For centuries, perhaps millennia, the Namgis First Nation fished a wide and glassy river that barrels into the straits separating Vancouver Island from mainland Canada. According to legend, sockeye salmon were so plentiful that the Namgis could simply redirect the river and trap seemingly endless runs of fish in ponds outside their homes.

Today, sockeye have all but disappeared from the Nimpkish. But a stone's throw away, a warehouse brims with hundreds of thousands of Atlantic salmon. The fish crowd into pools the color of jade, swim against a steady current, eat pellets that rain down from metal pipes above, and grow plump.

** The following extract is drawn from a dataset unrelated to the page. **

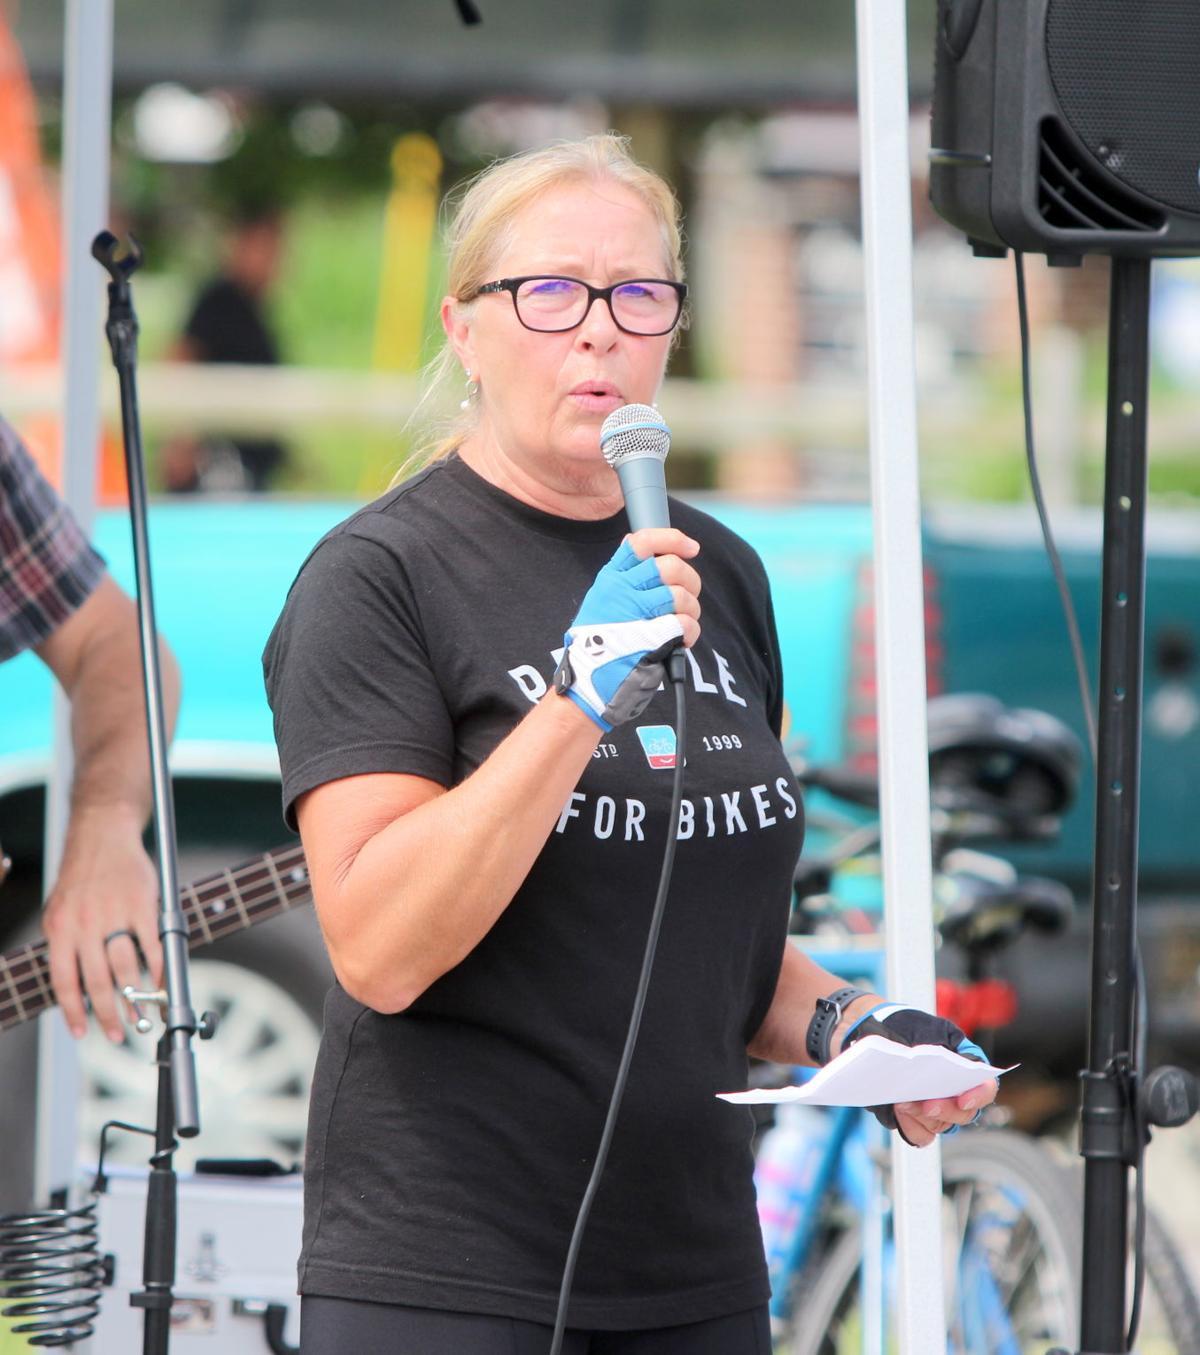 Mayor's Community Bike Ride Raises $14,000
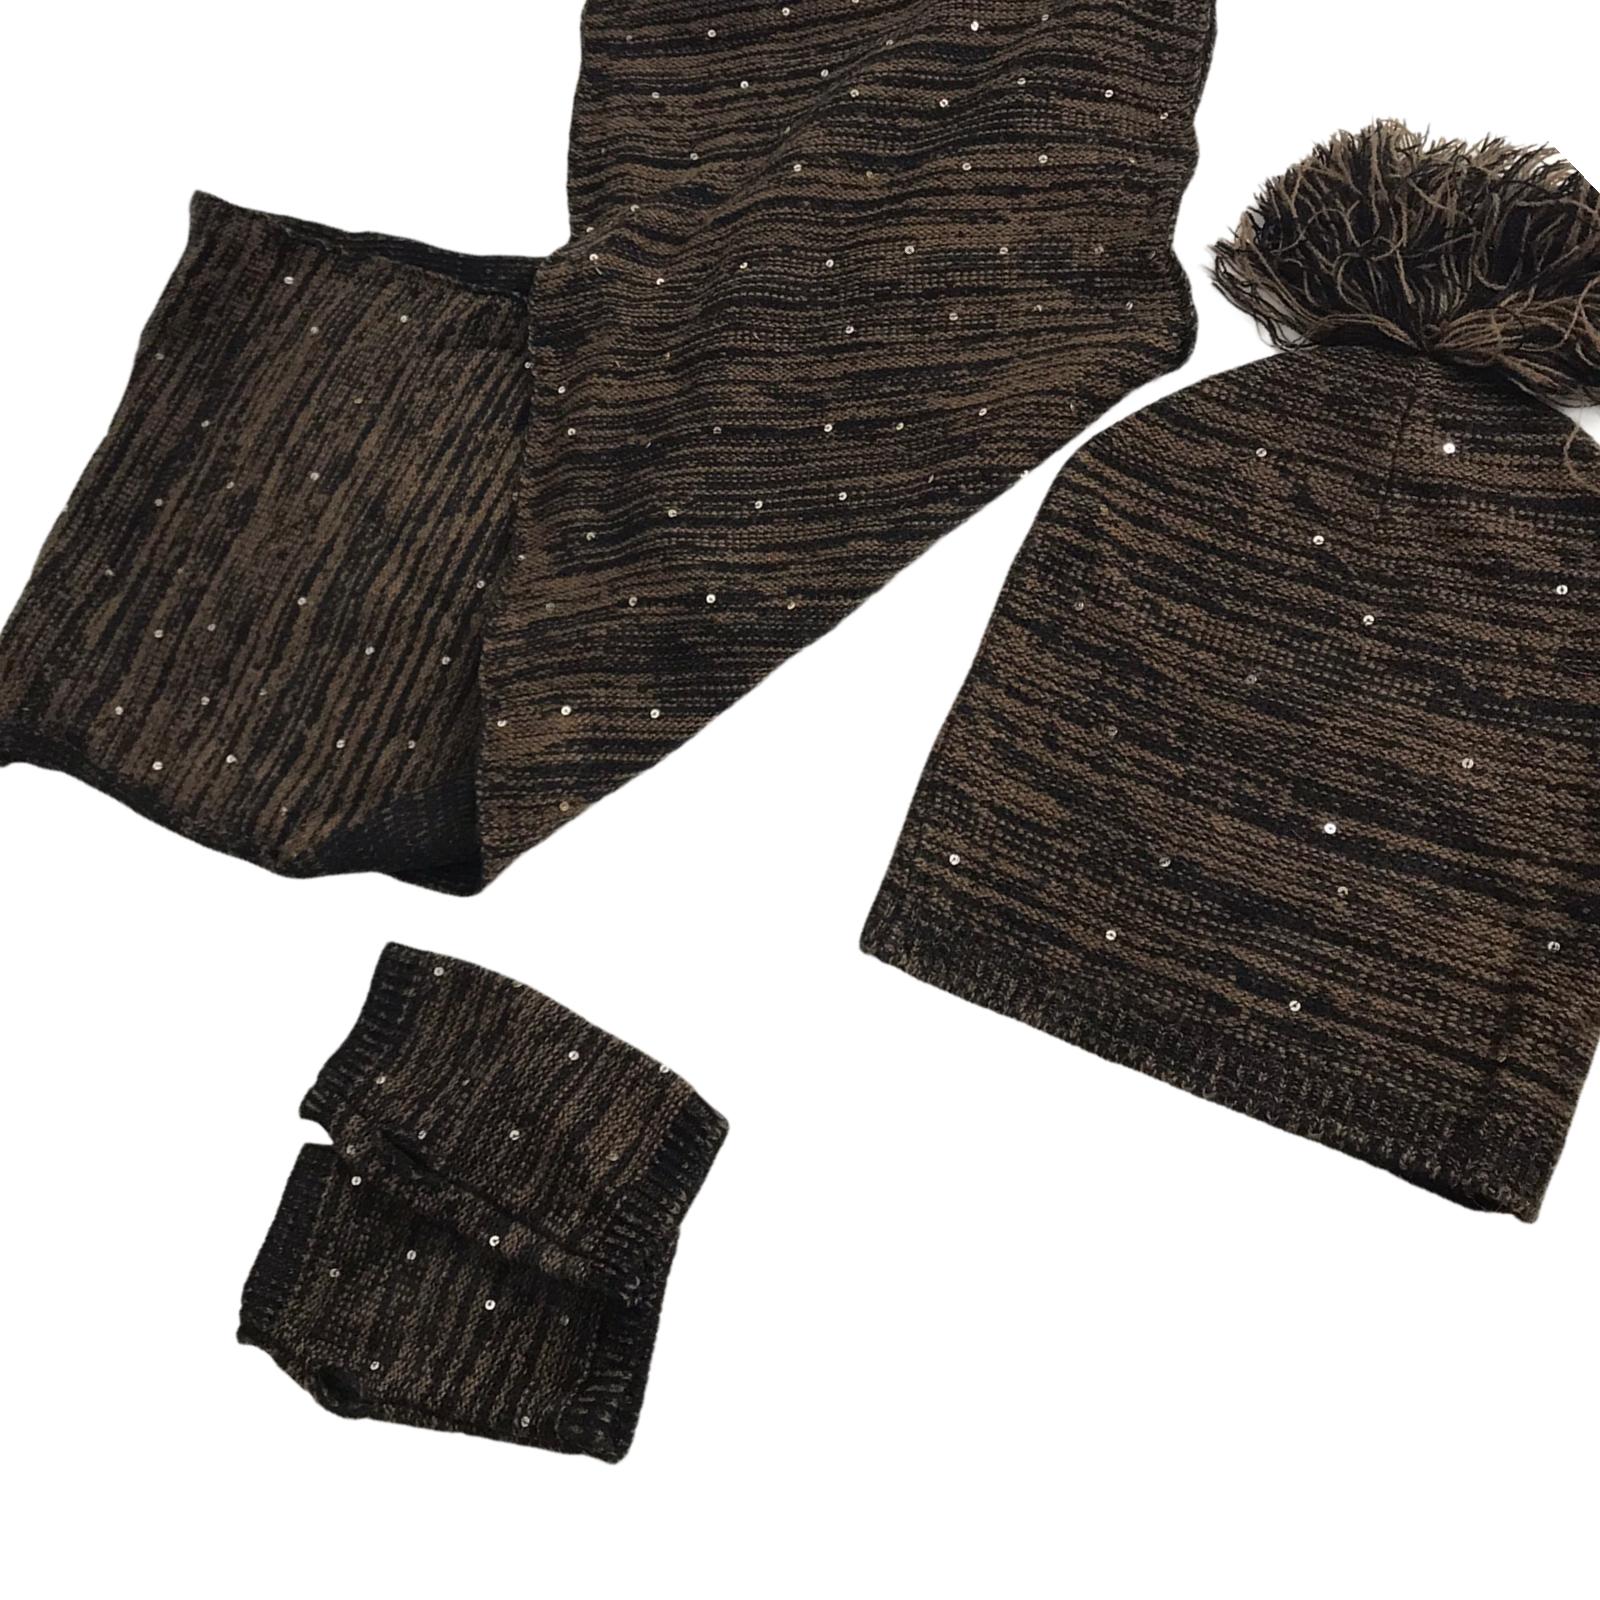 Brown Knit Sequin Hat, Scarf & Fingerless Glove Set

This $7.6 million (U.S.) warehouse is called Kuterra. Owned by the Namgis, it is one of the few commercial-scale, land-based salmon farms in the world. Considered a model for sustainable aquaculture, Kuterra recycles its water, converts its waste into fertilizer, avoids use of pesticides and antibiotics, and relies predominantly on grains and soy for fish food.

"The one word that best describes what we're doing here is 'control,' " says Jo Mrozewski, a company spokesperson. "You control the environment, you control the growth parameters. You can control so many things because you're not exposed to the vagaries of nature."

Roughly 600,000 pounds of Kuterra salmon have been sold since the company's first harvest 14 months ago, and after receiving the Monterey Bay Aquarium's "Best Choice" sustainability rating in October, consumer demand has surpassed supply. The fish respond well to the highly regulated system: They grow nearly twice as fast as other farmed Atlantic salmon, and they eat much less food.